The Department of Justice is all but predicting the loss of local TV service for millions of satellite subscribers if the Supreme Court rules that a local-TV-carriage law is unconstitutional.

Under a 1999 law under attack by EchoStar Communications Corp., direct-broadcast satellite carriers are required to carry every station in markets where they carry any. Congress imposed this requirement if DBS firms wanted to distribute local TV stations without the permission of copyright holders.

In a Supreme Court brief filed May 13, solicitor general Theodore Olson argued that if the 'carry-one, carry-all' regime violated the First Amendment, the court would also be forced to invalidate the copyright license.

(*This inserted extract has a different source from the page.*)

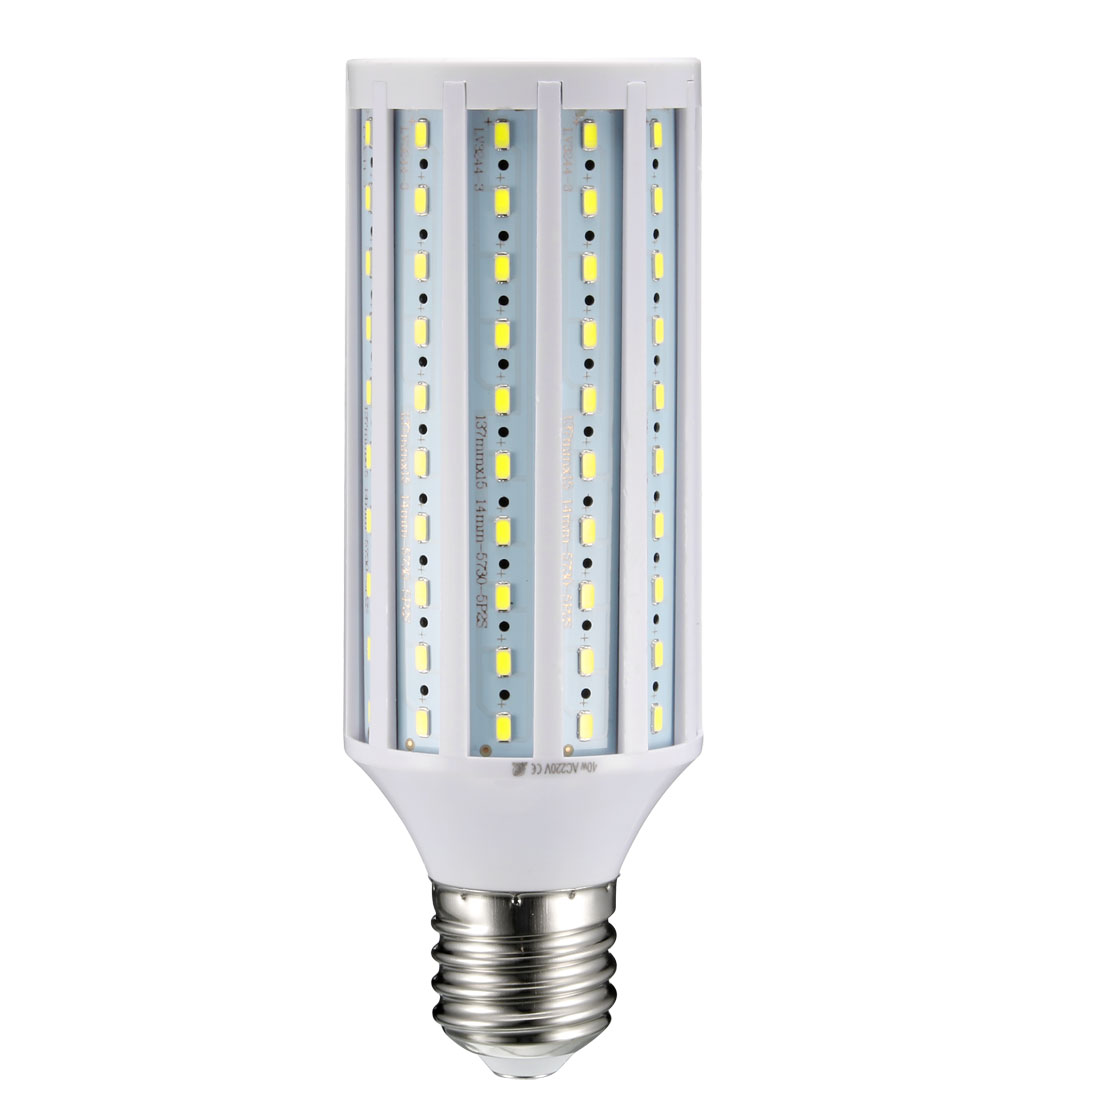 AC 220V 40W E40 Screw Base 150 LEDs SMD 5730 Pure White LED Corn Light Bulb - image 5 de 5

'[EchoStar and DirecTV Inc.] would thereby have lost the right to invoke any statutory license to carry broadcast programming without the copyright owners' authorization,' Olson said.

Without saying so directly, Olson painted a scenario under which the Supreme Court could hand the DBS industry a First Amendment victory but a copyright-law defeat that together would bar DBS carriers from providing local TV signals in any practical manner.

Full Story


----------



## MarkA (Mar 23, 2002)

That would be WONDERFUL!!!! Say hello to a beautiful picture once again!!!!


----------



## Adam Richey (Mar 25, 2002)

i like the idea of must-carry, and Dish had plenty of time to get things going. I know we are suffering on PQ, but it seems as if Dish is slowly taking care of that problem.


----------



## MarkA (Mar 23, 2002)

No locals means PQ about equal to LaserDisc in an ideal world, possibly even nearing DVD quality after the merger That's what I want!


----------



## Karl Foster (Mar 23, 2002)

That may be what you want Mark, but like I've said in other posts - no locals, no DBS. LIL has to be one of the main selling points to attract subscribers. Those who want DBS for the other stations and the novelty of it alreay subscribe, so the only way to really build the base of subs is to add LIL. It might decrease picture quality, but LIL keeps the two companies in business.


----------



## MarkA (Mar 23, 2002)

DBS survived just fine before LIL!


----------



## Karl Foster (Mar 23, 2002)

We'll just have to agree to disagree on this one, Mark.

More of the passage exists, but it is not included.